ACED-IDP / gen3_util

Collection of command line tools to interact with a Gen3 instance
MIT License
3 stars 1 forks source link

feature/git-lite #42

Closed bwalsh closed 9 months ago

bwalsh commented 10 months ago

This PR addresses #40, #29, #34:

This PR is one of a set:

See https://github.com/ACED-IDP/gen3_util/blob/feature/git-init/docs/git-lite-workflow.md

matthewpeterkort commented 10 months ago

Really great PR. Comments:

After running

gen3_util --profile dev init --project_id test-init_demo_dev
gen3_util access sign   

Noticed that g3t access ls returns the endpoint and nothing else. This could be confusing to the end user. Might be better for ls to show SIGNED requests too so that it's not just a blank screen.

Following the less is more git style, g3t buckets ls should probably be reduced to just g3t buckets, especially since it is the only sub-command.

gen3_util projects new command might not be needed since clone/init refactor. g3t clone and commit have the same description in the help menu.

running a g3t status after running

gen3_util --profile dev init --project_id test-init_demo_dev
gen3_util access sign   
g3t files add tests/fixtures/dir_to_study/file-2.csv

on development:

{'error': 'service failure - try again later'}
[2024-01-18 07:50:17,675] [ERROR] gen3_util.cli 'data'
Traceback (most recent call last):
  File "/Users/peterkor/Desktop/gen3_util/gen3_util/cli/cli.py", line 191, in status_cli
    output.update(status(config))
  File "/Users/peterkor/Desktop/gen3_util/gen3_util/cli/status.py", line 34, in status
    remote = counts(config, auth=auth)
  File "/Users/peterkor/Desktop/gen3_util/gen3_util/meta/lister.py", line 41, in counts
    records = submission_client.query(query)['data']
KeyError: 'data'
exception: '''data'''
msg: FAIL

Running g3t commit -m "added some files" after running above commands gives: Error: Missing argument 'STAGING_DIR'. This should probably initialized earlier on in the project, or at least the help message should tell the end user how to fix it. g3t doesn't have this argument in the commit step and it is a bit unnatural for the user, especially if they're just trying to commit some files and don't want anything to do with adding metadata.
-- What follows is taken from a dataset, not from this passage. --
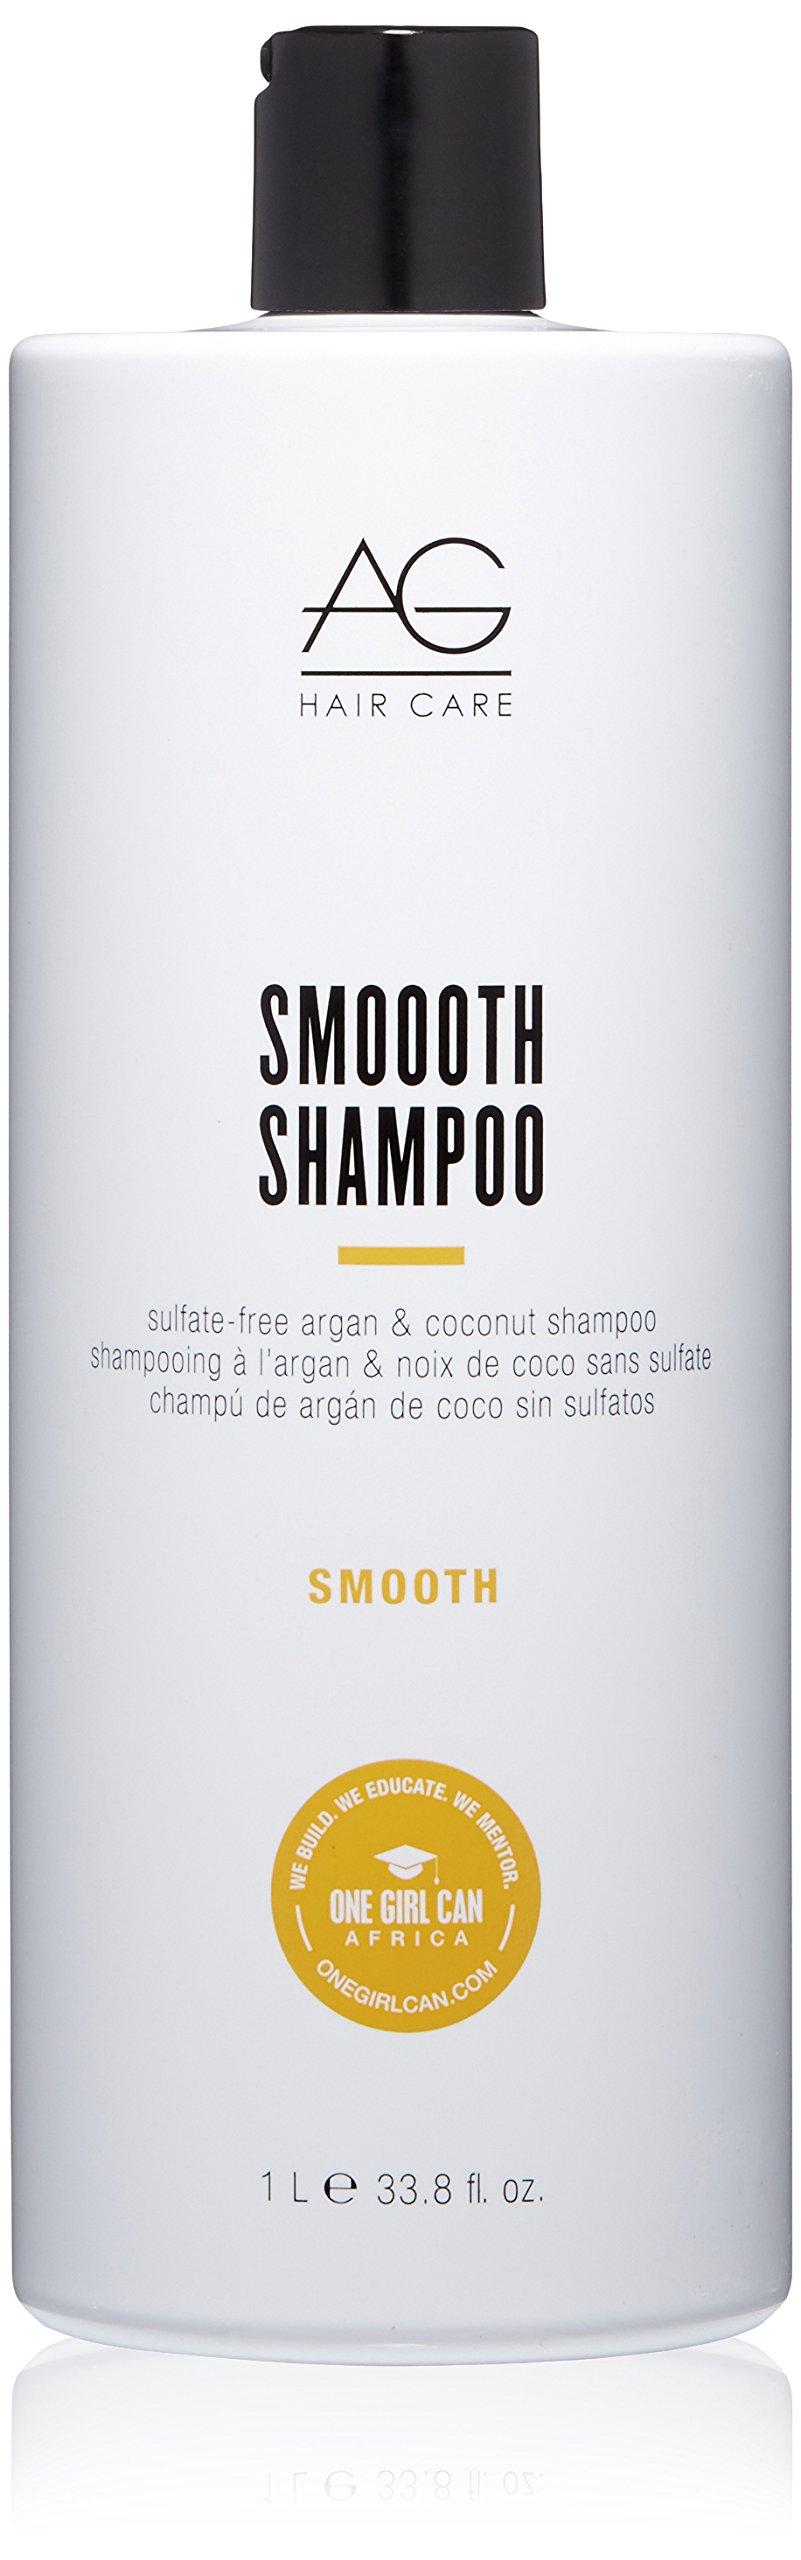 AG Hair Smoooth Sulfate-Free Argan & Coconut Shampoo by AG

Also, is there a way to bypass this argument entirely? That should probably be added. Docs need to get updated to support this command, because it isn't as intuitive like the other g3t commands.

I would suggest allowing or g3t commit -m " " and then a warning prompt that pops up saying something like "are you sure you want to commit files without attaching metadata." That way if the user is just following the git workflow they can somewhat blindly use this without reading too many docs.

Didn't set any environment variables. Simply ran: gen3_util --profile local init --project_id test-init_demo command. Wouldn't expect the end user to want to set environment variables either since you don't have to do that in git. I would argue that gen3_util --profile local init --project_id test-init_demo and similar clone commands should setup your project and profile ENV vars for all subsequent commands, and then after that if the user wants to switch between profiles, or projects they can manually change their environment variables. These env variables could be stored somewhere in the .g3t directory and be loaded into new envs between terminal sessions.

Would useful to publish/commit the use case that was demoed somewhere

bwalsh commented 10 months ago

Known issues: See https://github.com/ACED-IDP/gen3_util/issues/45

bwalsh commented 10 months ago

@matthewpeterkort thanks for the thoughtful review. I will comment in detail tomorrow. See https://github.com/ACED-IDP/aced-idp.github.io/pull/11 for documentation update

bwalsh commented 10 months ago

@matthewpeterkort summarized comments below. please check for accuracy.

matthewpeterkort commented 10 months ago
* [ ]  Would useful to publish/commit the use case that was demoed somewhere
  > @matthewpeterkort can you tell me more about what you meant by this one?

Was mostly concerned that there weren't any docs explaining all the updates but it looks like that got resolved here: https://github.com/ACED-IDP/aced-idp.github.io/pull/11/files.

After skimming through the docs commit it seems like the process of associating files with vertices so that the g3t can automatically generate some metadata is still a bit unclear. This process should have a section/page of its own, since the user is expected to manage the metadata creation process, they should know how to leverage the util to help them with this process.

Thinking about the commands that you had done in the demo that had told the util how to generate the metadata, that should be explained in the docs too.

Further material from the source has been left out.